И все в один миг стихло и замерло. Только телевизор притворялся, будто ничего не случилось. Демонстрировал аэродинамическое тело, чем-то там намазанное. Малыш вернулся на свое место. Старик еще продолжал покачиваться, но уже не так сильно, точь-в-точь как собачки-амулеты на заднем стекле, когда автомобиль остановится.
А из темноты, из полуотворенной двери до нас долетел слабый и ворчливый старушечий голос:
– Грицько… Грицько… Дай ты мене воды…
23
Китайца, китайца, китайца, ох, нет! Потому что у коварного китайца желтые яйца!

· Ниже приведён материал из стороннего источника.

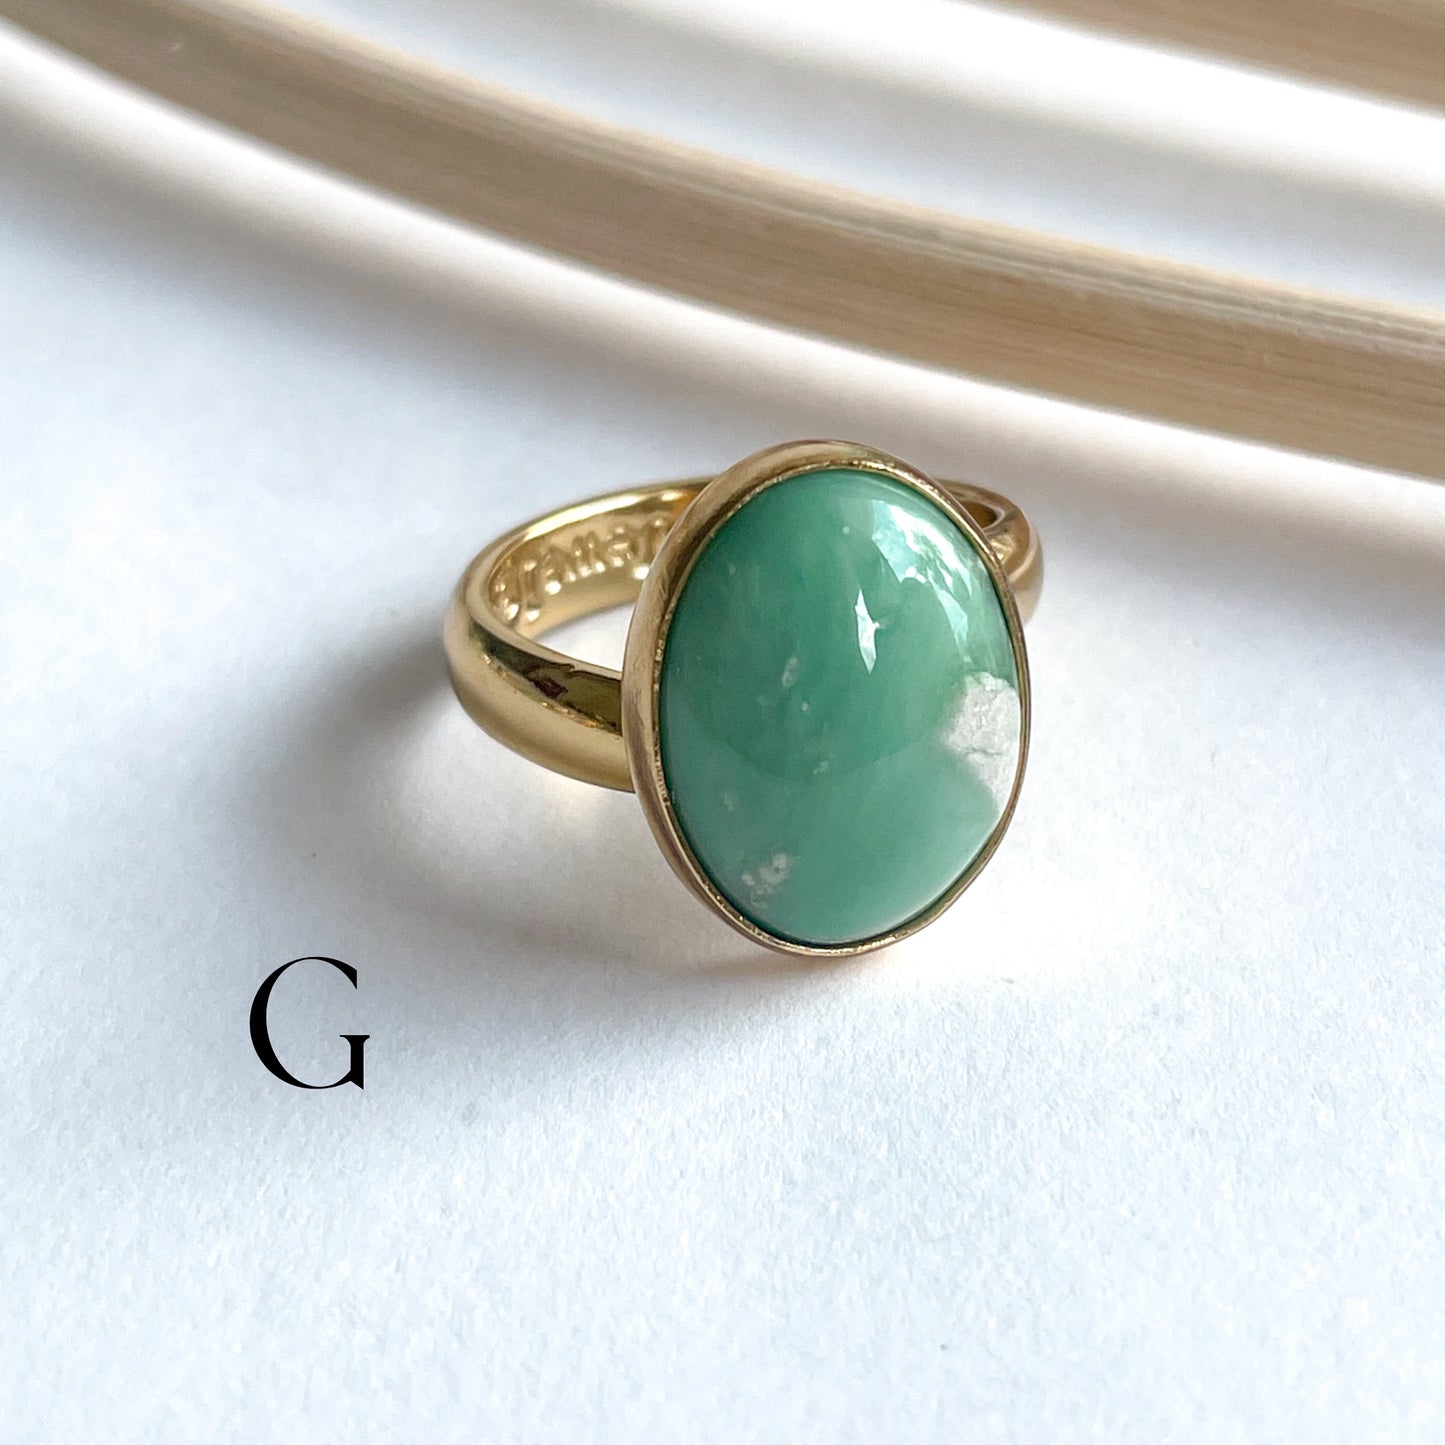 Load image into Gallery viewer, Chrysoprase Oval Ring - Alchemia

За щелястой перегородкой из досок уже второй час подряд: «У коварного китайца желтые яйца». Да какая это перегородка, говно, а не перегородка, ежели сквозь нее просачивается свет вместе с табачным дымом… и желтые яйца. Как будто мы тоже находимся там с ними. Мы хотели вздремнуть, но не получилось. Вонь и холодрыга. И китаец в придачу. Мы пробовали растопить печку, но дрова были гнилые, мокрые, прямо из-под снега, а толстый хмырь с усами заявил, что других нет. Другие есть в лесу, если охота, можем принести.
– Полста с рыла, – так он закончил, и мне захотелось плюнуть на него, но я подумал, что на улице мы загнемся, так что козыри все у него, и лучше прижать уши, потому как рожа у него была крайне паскудная.

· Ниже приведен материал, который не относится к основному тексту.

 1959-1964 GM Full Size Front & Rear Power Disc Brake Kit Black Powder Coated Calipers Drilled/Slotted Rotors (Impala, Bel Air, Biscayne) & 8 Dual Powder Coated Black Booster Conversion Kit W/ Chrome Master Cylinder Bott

А гнилая, тяжелая, как камень, сосна воняла, еле тлела, и печь оставалась холодной, как труп. Обычная железная печка. Можно было положить руки на нее без всякого риска обжечься.
– Полста с рыла. Деньги вперед. – С какой-то плотоядной старательностью он сложил купюры, сунул их в карман на отвислой заднице и напоследок сказал: – Кипяток можете получить у меня.
После чего полез на свой второй этаж, наклонив голову в гуральской шляпе, так как с низкого наклонного потолка свешивался плакат: «Здесь будь добр, гиббона мать, на фиг сапоги снимать».
– Приятное место, – буркнул Гонсер.
– Какое есть, – точно так же буркнул Василь. – Когда я был тут в последний раз, им заведовал чокнутый такой мужичок с бородой. Он только и знал, что пил да вырезал фигурки святых. И сам был на святого похож. Особенно когда надерется и усядется, подперев голову. Прямо аллегория скорби.
– Ну, этот на святого не похож. Такой мордоворот. Ладно, пошли из этого ледника.
Гонсер пересек каменные сени и толкнул дверь, которую нам указал толстяк. Голая комната, несколько поролоновых матрасов и печка. Видно, кто-то в этом борделе пытался растапливать ее, потому что дым сочился из стен и, похоже, с потолка.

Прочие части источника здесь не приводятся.